Arvid gave her a sharp look and shook his head.
Edna strutted around the house, picking up this and that, but nothing found favor with her.
Buddy raised an eyebrow to show Bo what he
thought of Edna’s behavior.
Will looked grim, too. “Want to come out?” he asked. Graf and Bo looked uncomfortable and didn’t answer, but Arvid saved them.
“Too late,” he said. “Kids are just getting ready for bed.”
“I told Edna that,” said Will. “But she wanted to come anyway.”
Edna tossed her head again. “Well, I’m leaving tomorrow. We’re going back to our real home in Washington tomorrow. It’s a really big house, and we have an automobile—it’s a Packard 740, Dual Cowl Phaeton—and I’m going to get a lot of new dresses.” She looked at Bo. “Do you have any dresses?”
Bo gave Arvid a warning look and said no, though she really did have two of them hanging on the pegs in their bedroom. She had a feeling that this girl was not going to like her dresses.
When Edna had gone out the door, Will turned and made a face at Bo. “I told you she was bossy,” he whispered.
When they were all gone, Arvid stood with his hands on his hips and a who’d-believe-it smile on his face. “Whoo-ee,” was all he said.
CHAPTER TWELVE
TWO KINDS OF WRITING
THERE WASN’T TIME to do all their laundry, even if they’d had a washing machine, which they didn’t.
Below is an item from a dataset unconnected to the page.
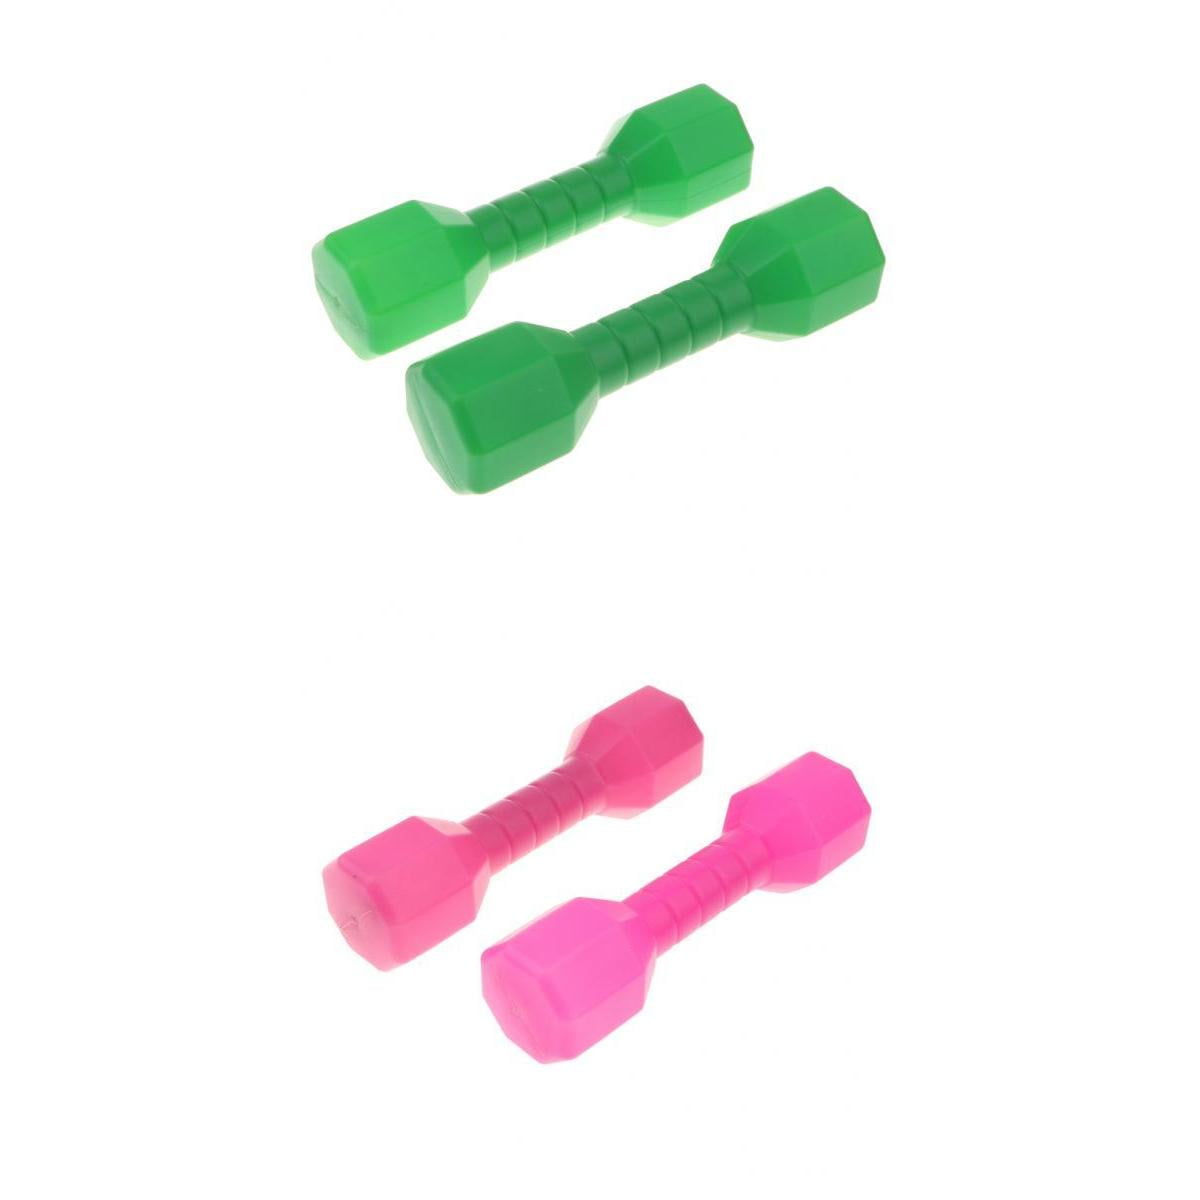 4 pcs Kids Plastic Dumbbells Sports Exercise Toys Green & Pink

So Arvid and Jack sent their washing to the laundry, like everyone else in town.
They would stuff everything into burlap bags, and Bo and Graf would pile those bags into the wagon and pull it to the Japanese laundry next to the hotel. Billows of steam hissed out of the back windows of the laundry from time to time, and then the whole street smelled of steam.
The Japanese men were amazed that most of the things in the burlap bags were not clothes.
“How much your papas change sheets and towels?” they asked. Bo and Graf had no idea. The Japanese men were surprised to find miners so clean and fussy about sheets and towels.
“It’s just Jack,” explained Bo. “Arvid doesn’t pay any attention to stuff like that.”